Every now and then Im still dreaming of a big loft but I'll settle for what I have for now...Im sure your birds will be happy, lots of room...By the way, you mention the beer; "Are we invited for the grand opening"?...Don't forget, do the 1st gulp for me okay...


----------



## roxtar (Aug 21, 2006)

spirit wings said:


> I spelled beech wrong...what an idot...I really do need a beer!




There are plenty of trees at the beach.... Palm trees! 
Go enjoy your beer and have a good memorial day wknd. First day off for me in almost two months on Monday, I can't wait!


----------



## Avion (May 28, 2007)

Beautiful looking loft. How long before the birds arrive?










George


----------



## Lovebirds (Sep 6, 2002)

Your loft looks GREAT!! The birds are going to love it.


----------



## spirit wings (Mar 29, 2008)

Avion said:


> Beautiful looking loft. How long before the birds arrive?
> 
> 
> 
> ...


I will be picking them up the first week of june...I'am glad I don't have to pay for shipping.


----------



## spirit wings (Mar 29, 2008)

Lovebirds said:


> Your loft looks GREAT!! The birds are going to love it.


Thanks renee, really if it was not for your pics I don't think it would have been as nice, we did the same type "box" perches you posted a pic of and I really like the looks of them and I have 40 perches with 30 birds so it worked out great, thanks to you!!!


----------



## Lovebirds (Sep 6, 2002)

Is that one big loft or is there a wall inside dividing it. It sort of looks like there is in the smaller picture, but I can't really tell. Also...........suggestion...........you might want to put some perches in the aviaries. We used 2 X 2's...........two on each end of the aviary.


----------



## spirit wings (Mar 29, 2008)

Lovebirds said:


> Is that one big loft or is there a wall inside dividing it. It sort of looks like there is in the smaller picture, but I can't really tell. Also...........suggestion...........you might want to put some perches in the aviaries. We used 2 X 2's...........two on each end of the aviary.
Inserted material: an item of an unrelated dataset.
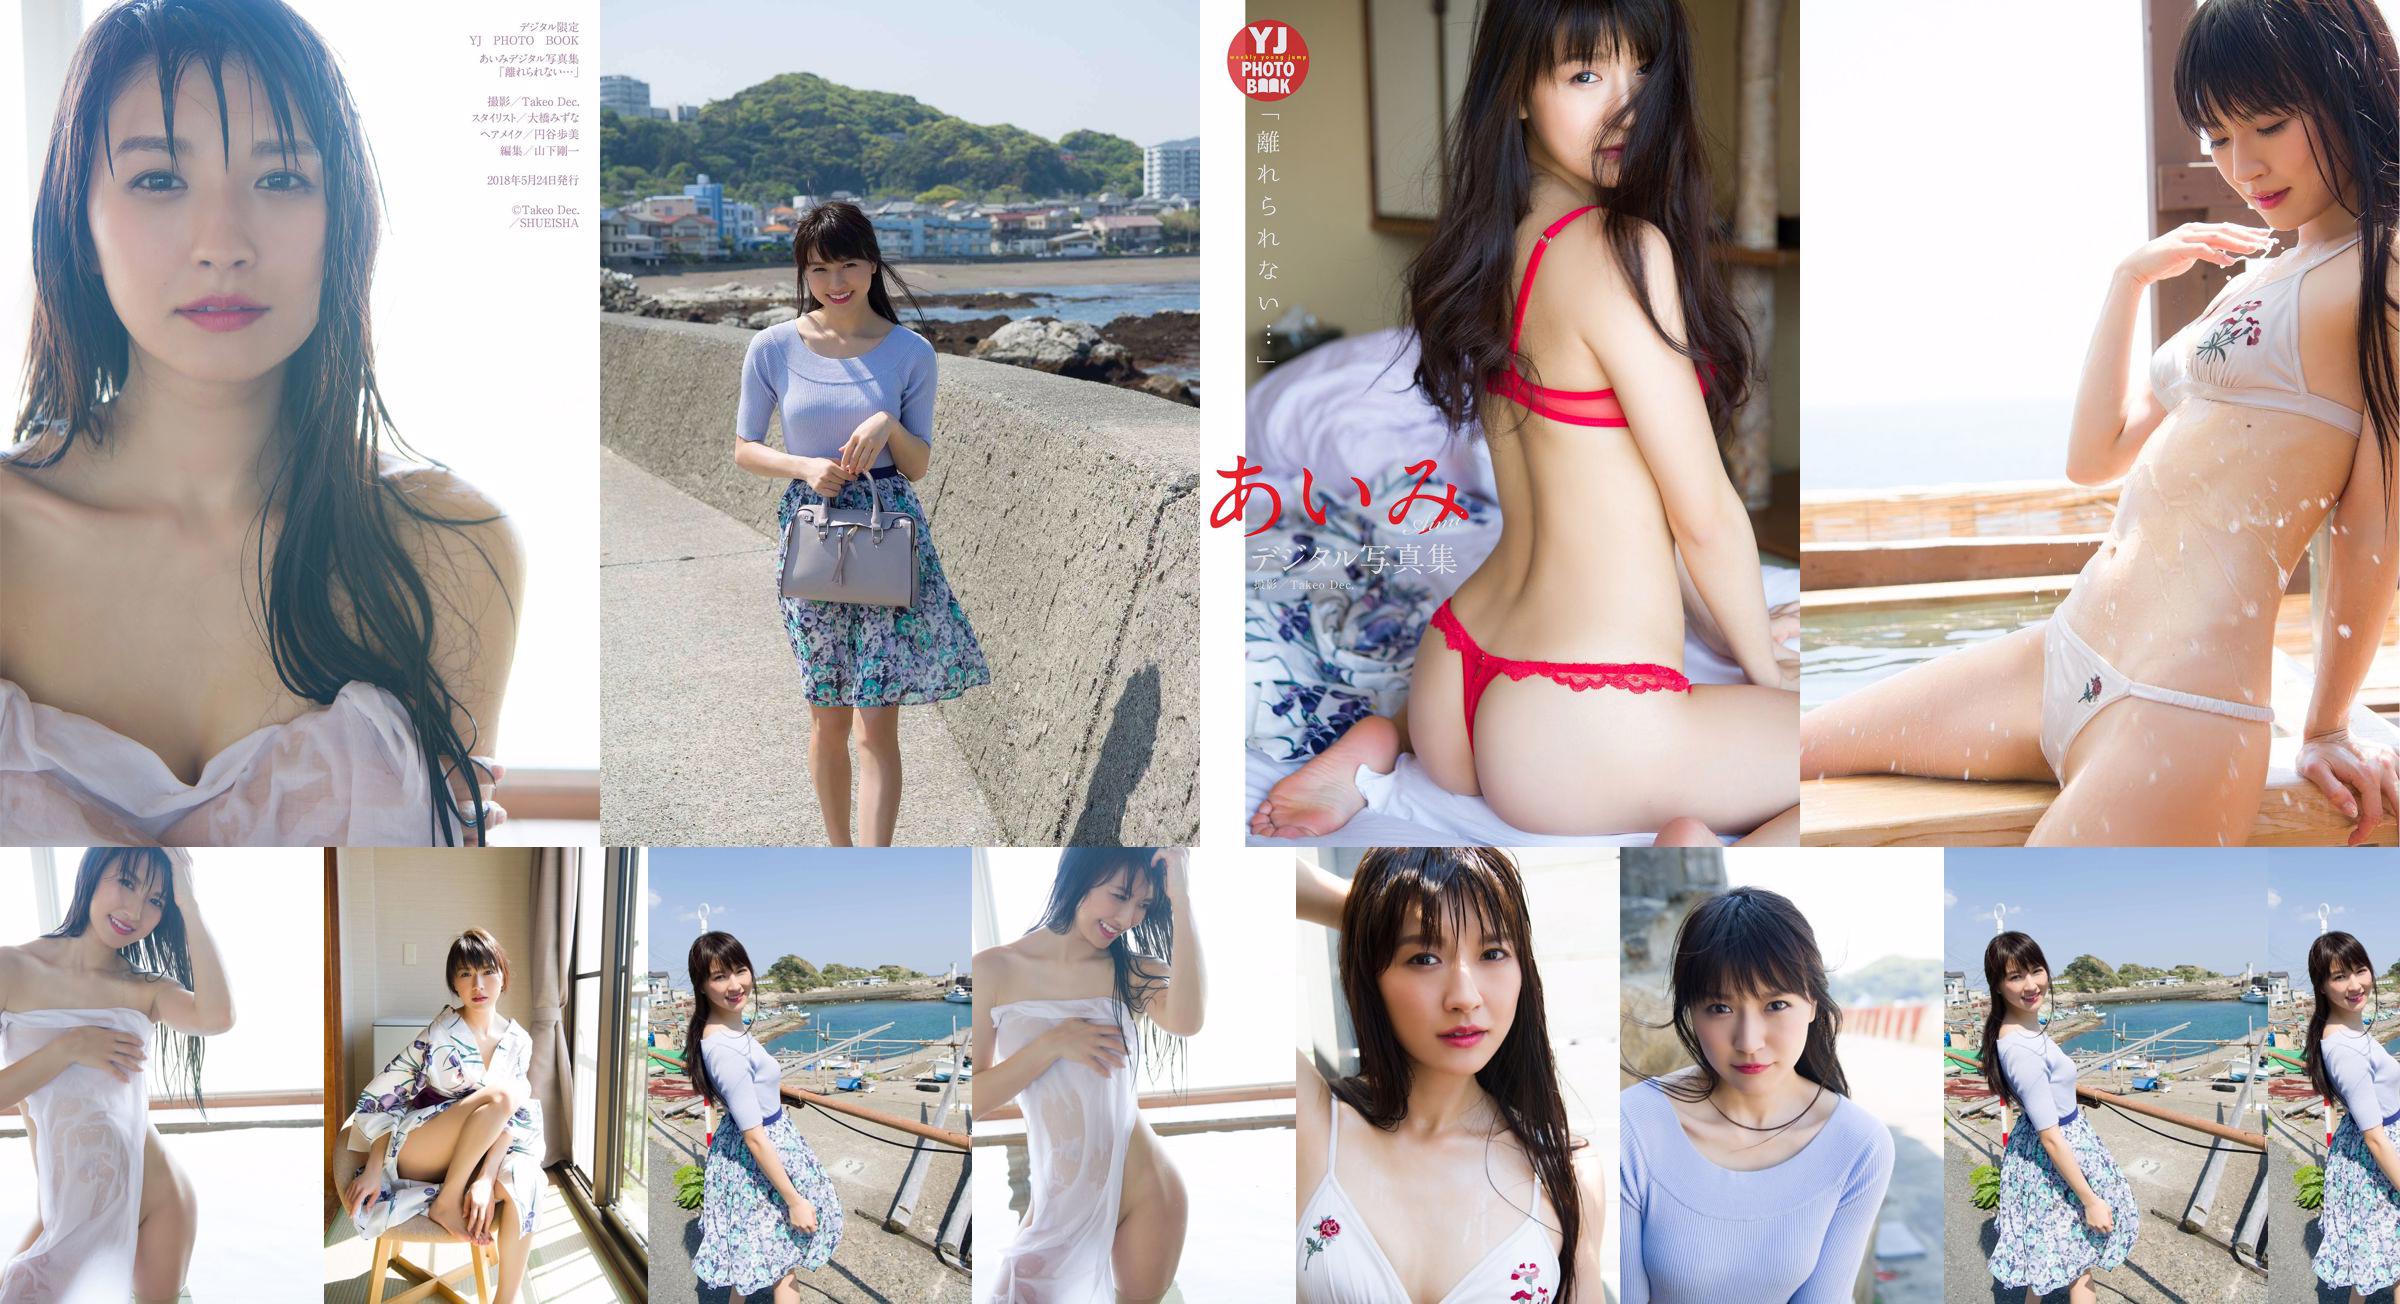 Aimi Nakano "Eu não posso sair..." [Livro de fotos digital limitado da YJ] No.bc943b Página 1

there are two walls dividing for three sections, we put two translucent panels(on roof) for light and the divider walls are wire, but will be coverd eventually with the perches we need to add. the sunlight in there makes it look open. yes about the perches in the aviary. I noticed those in yours and we are going to add them too...great idea....loved it when I saw yours.


----------



## DEEJAY7950 (Dec 13, 2006)

spirit wings said:


> Well hubby and I are almost done so I thought I would post some pics. still need to get the door hung and more purches and nest boxes. will take more when complete. need to take a little break this weekend and sip a cold one on the porch.


WOW, that's really great looking loft, can't wait for your next picture updates, job well done!


----------



## maryjane (Jul 15, 2006)

Looks great! The birds will love calling it home.


----------



## Skyeking (Jan 17, 2003)

spirit wings said:


> I spelled beech wrong...what an idot...I really do need a beer!


No problem it's fixed. 

I'm sure the birds love their new home, looks quite cozy.


----------



## spirit wings (Mar 29, 2008)

A FEW PICS TO SHARE!


----------



## Lovebirds (Sep 6, 2002)

Looks good! I like those perches. They look so neat and tidy.


----------



## spirit wings (Mar 29, 2008)

thanks Renee, you gave us the idea!


----------